Firm notes comScore's paid click report indicates GOOG's US paid clicks (core google.com site) grew 3% Y/Y, from roughly flat and 25% Y/Y growth in Jan '08 and Q4, respectively.
While GOOG's Feb paid click data does little to calm investor fears of a slowdown in GOOG's core business, they believe most of the deceleration is due to the continuing quality initiatives by the company itself, which should drive significant upside longer-term. Moreover, they caution investors against reading too much into comScore numbers as they have historically been a bit noisy (but directional nonetheless).
Paid clicks are a function of the number of searches, coverage (% of searches with an ad) and click-through rates (paid clicks per search with an ad). In Feb, GOOG witnessed healthy query growth of 30% Y/Y (vs. 39% in Jan).
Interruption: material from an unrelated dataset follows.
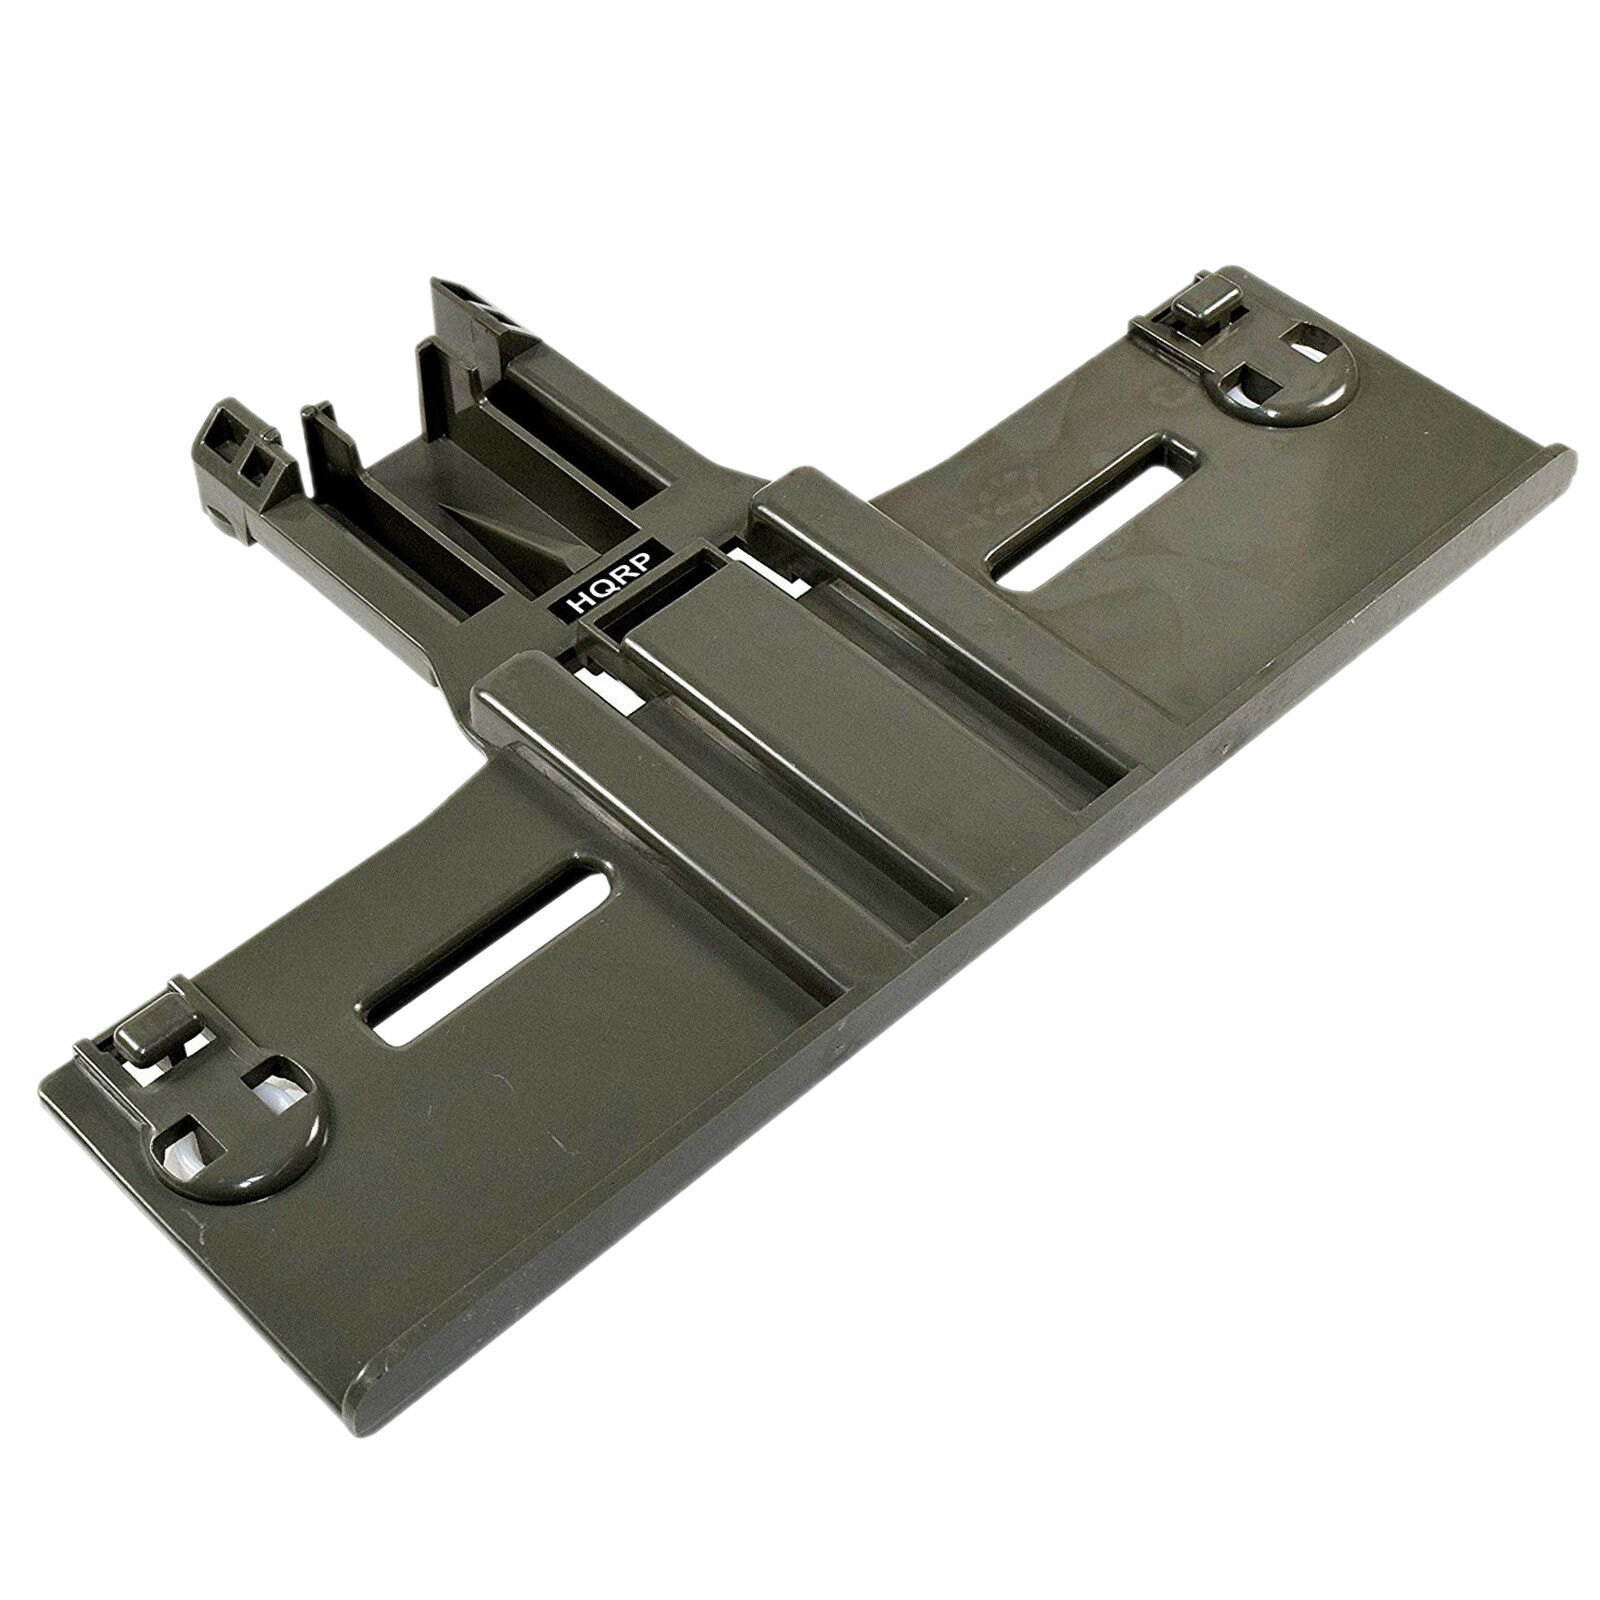 HQRP Rack Adjuster for Kenmore 66213 66512 66513 66514 66515

While GOOG's ad coverage initiatives are painful in the near term, BofA believes they are necessary to drive sustained revenue growth over the long term.
Reiterates Buy and $700 target.
Notablecalls: BofA's Brian Pitz is right - GOOG's a buy. Hey guys, comScore data didn't bring any surprises. We had several firms (Piper, RBC - both influential analysts on GOOG) come out ahead of yesterday's data saying it's likely going to be bad. Yet we have the stock down almost 20 pts pre-market because Mr. Amazon-to-$800 Blodget said the stock should be down.
The fact is the stock's already in bottoming process, down 40% from the highs. comScore data is partly worse than expected because of GOOG's own doing.
I think GOOG is a buy here. Buy it for the bounce.